You can buy nettle tops, sorrel and even dandelion leaves at the farmers’ markets here (if you can brave the internal telling off from your grandmother, that is), but it is tricky to find patches of real wilderness in London. Coming from Dublin, where gorse grows in Blackrock, blackberries prosper in Phibsborough and fennel thrives at Sandymount, this is one of the aspects of big city living that I find harder to adjust to. There are wonderful flowers all over the city – cherry blossom, wisteria, lilacs, jasmine & roses fill the streets in quick succession from April through to May – but there aren’t many things that you can take a handful of as you’re passing, so I mentally make note of the locations of mature fig trees overhanging public laneways; errant young grape vines tumbling over trellises, and thick clumps of borage lurking down alleyways; storing them away for future reference & surreptitious return visits.
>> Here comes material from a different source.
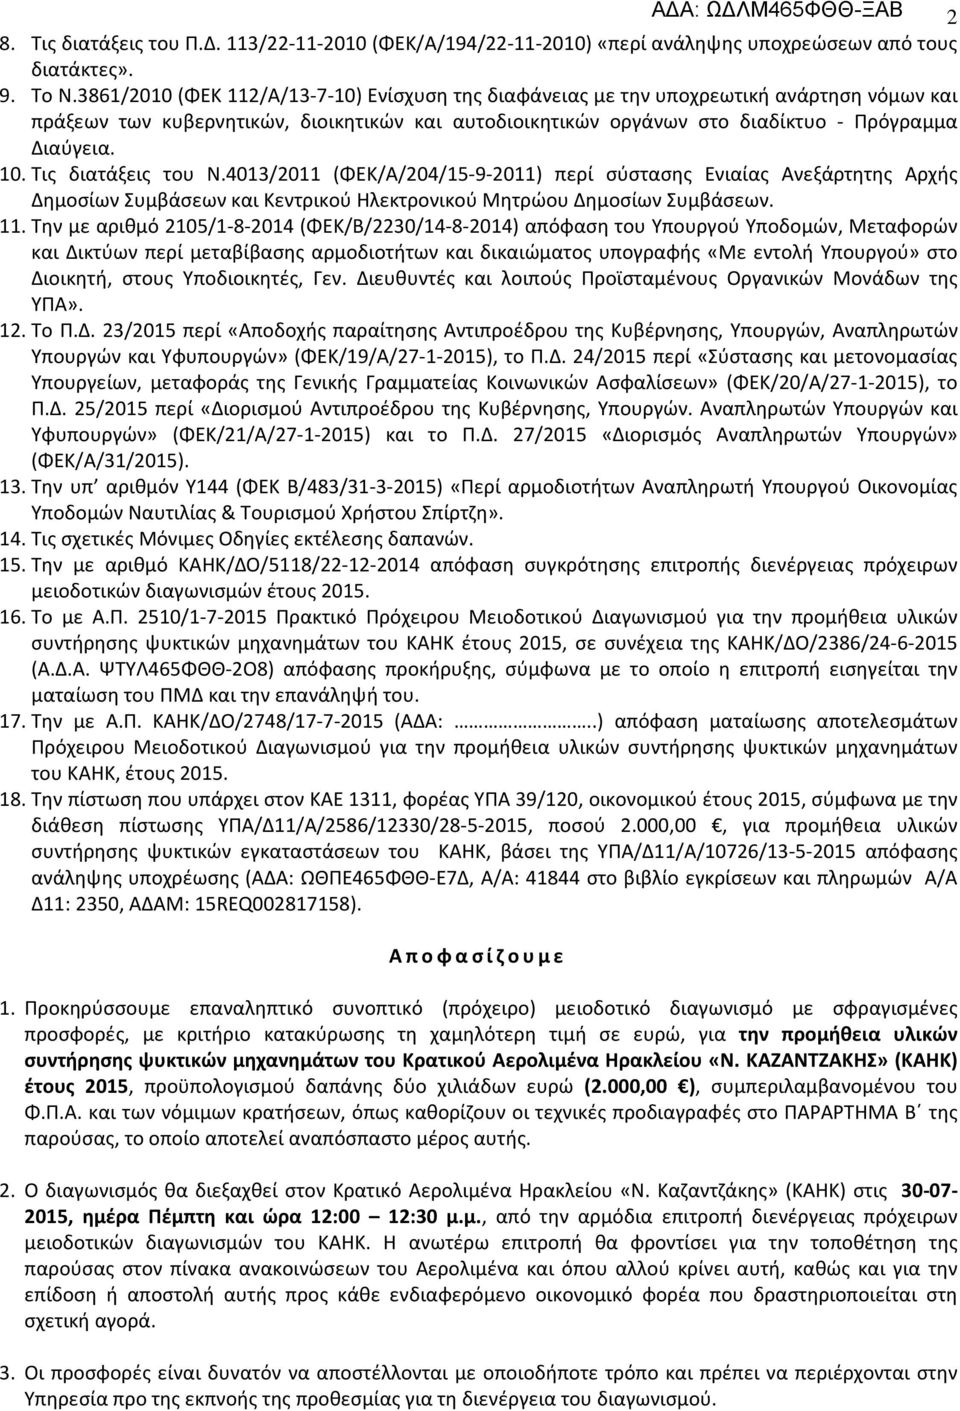 Τις διατάξεις του Ν.4013/2011 (ΦΕΚ/Α/204/15-9-2011) περί σύστασης Ενιαίας Ανεξάρτητης Αρχής Δημοσίων Συμβάσεων και Κεντρικού Ηλεκτρονικού Μητρώου Δημοσίων Συμβάσεων. 11.
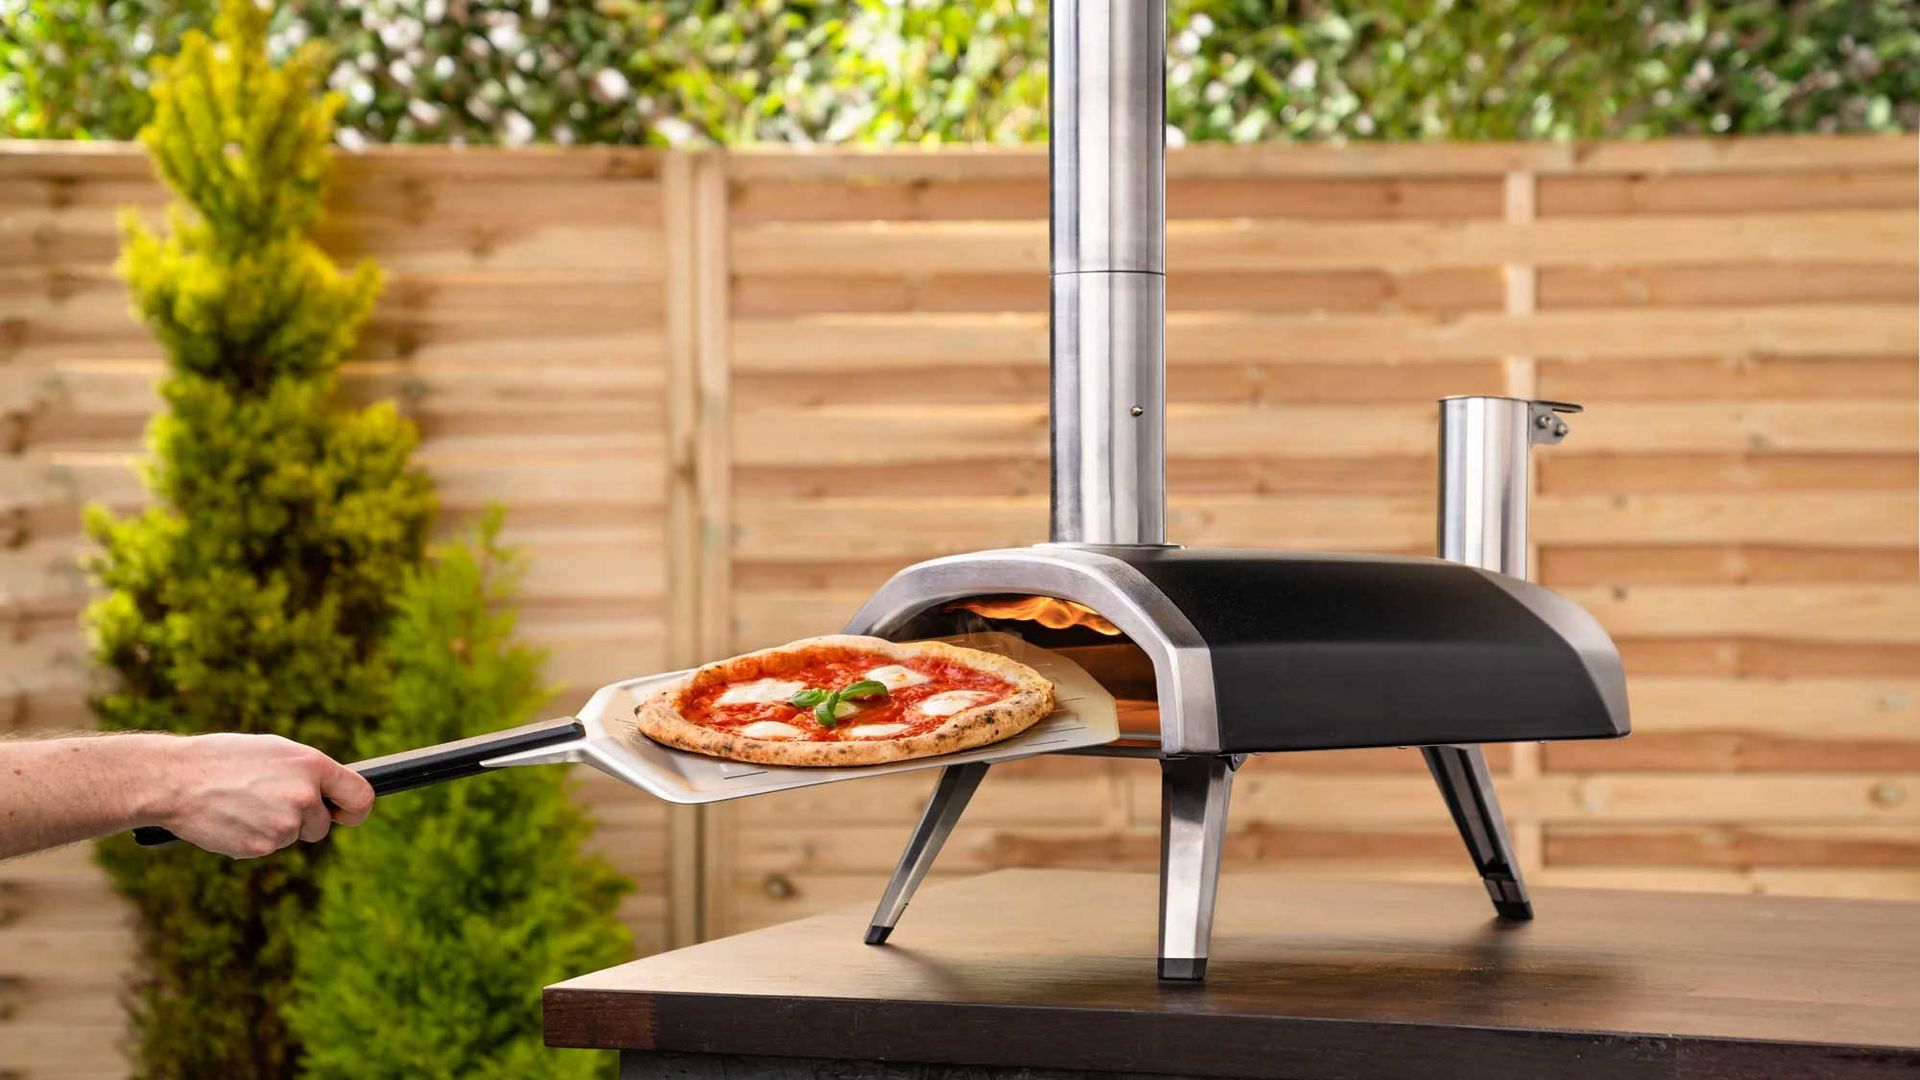 Ooni Pizza Ovens on sale

We did find lots of lovely hedgerows out in Richmond a couple of weekends ago, and I suspect big green areas like Hampstead Heath might well hold hidden bounty at the right times of the year too. But getting to all of those places & finding the good spots requires a fair bit of planning & footwork (both literal & figurative, London is huge), so I was delighted to stumble across an elderflower tree in its full mid-May glory down a side street on Holland Park Road, near where we live. Elderflower is at its best right about now, and it has a fairly short window for picking, so it’s worth seeking it out this weekend or next if you’re planning to use it.
I found lots of new ideas for using the blossoms online (elderflower flavoured sugar & elderflower fritters sounded pretty great and may still happen) but I couldn’t get away from the idea of making my own batch of elderflower cordial, which I first made with my mum about a decade ago with the blossoms from the old elderflower tree in our side garden. A decade previous to that me and my brothers made a massive den in its shade; back when we were small enough to think it huge and there was still a lawn that could be used as a carpet in that part of the garden.
So with cordial in mind I braved a sea of funny looks, picked my bagful of blossoms & bought citric acid in the chemist on the way home (fair warning, you will probably have to explain to the pharmacist why you’re buying citric acid and they will definitely be visibly skeptical). There isn’t any getting away from it so I should say it now: elderflower cordial requires an obscene amount of sugar to make, but you never have more than a thimbleful or so in one go, and it is a true summer treat. Whether diluted in cold sparkling water as a deliciously refreshing cordial, infused in syrup for lemon drizzle cake or used as the basis of a fabulous fizzy summer cocktail, it is the essence of early summer captured. You will be so glad you’ve made a batch by the time the next Bank Holiday weekend rolls around, when you have a party to host and a sudden heatwave on your hands. Well… we can dream.
Serve diluted in sparkling water with ice; add neat to cocktails & bubbles, or freeze in ice cube trays for adding to G&Ts & punch.
Makes enough for an entire garden party (around a litre of concentrate)
1 kilo of caster sugar (yes)
20 large, bright white, open elderflower flower heads (don’t pick any yellowed or unopened heads as these won’t have a nice flavour)
1.5 large unwaxed lemons
1.2 litres of water
50g citric acid (available in most chemists)
Pour the sugar and water into the largest saucepan you have. Heat gently to dissolve the sugar without bringing it to the boil, stirring occasionally. When the sugar has dissolved, bring the mixture to the boil. Once at boiling point, take it off the heat. Use a vegetable peeler to remove the peel from the lemons then cut them into thick slices and add both to the syrup.
Wash the flowers in a sink of cold water, removing any little bugs or closed flower heads by hand. Drain in a colander and shake off any excess water. Add the blossom to the sugar syrup along with the citric acid. Stir well, cover with a lid & leave to infuse overnight.
The next day, line a sieve with a clean towel and ladle in the cordial with all the flowers & citrus fruit. Give the tea towel a gentle squeeze at the end to get the remaining liquid out [Note: the pieces of syrupy citrus peel would be a nice addition to cocktails; they should keep for at least a few days in the fridge] & discard. Ladle the syrup into a jug then pour into sterilised jars [sterilise them by running through a hot dishwasher or wash well with soapy water then leave to dry in a low oven] then seal & keep in the fridge for up to a month or so, or freeze in ice cube trays and/or plastic boxes for future immediate use or defrosting.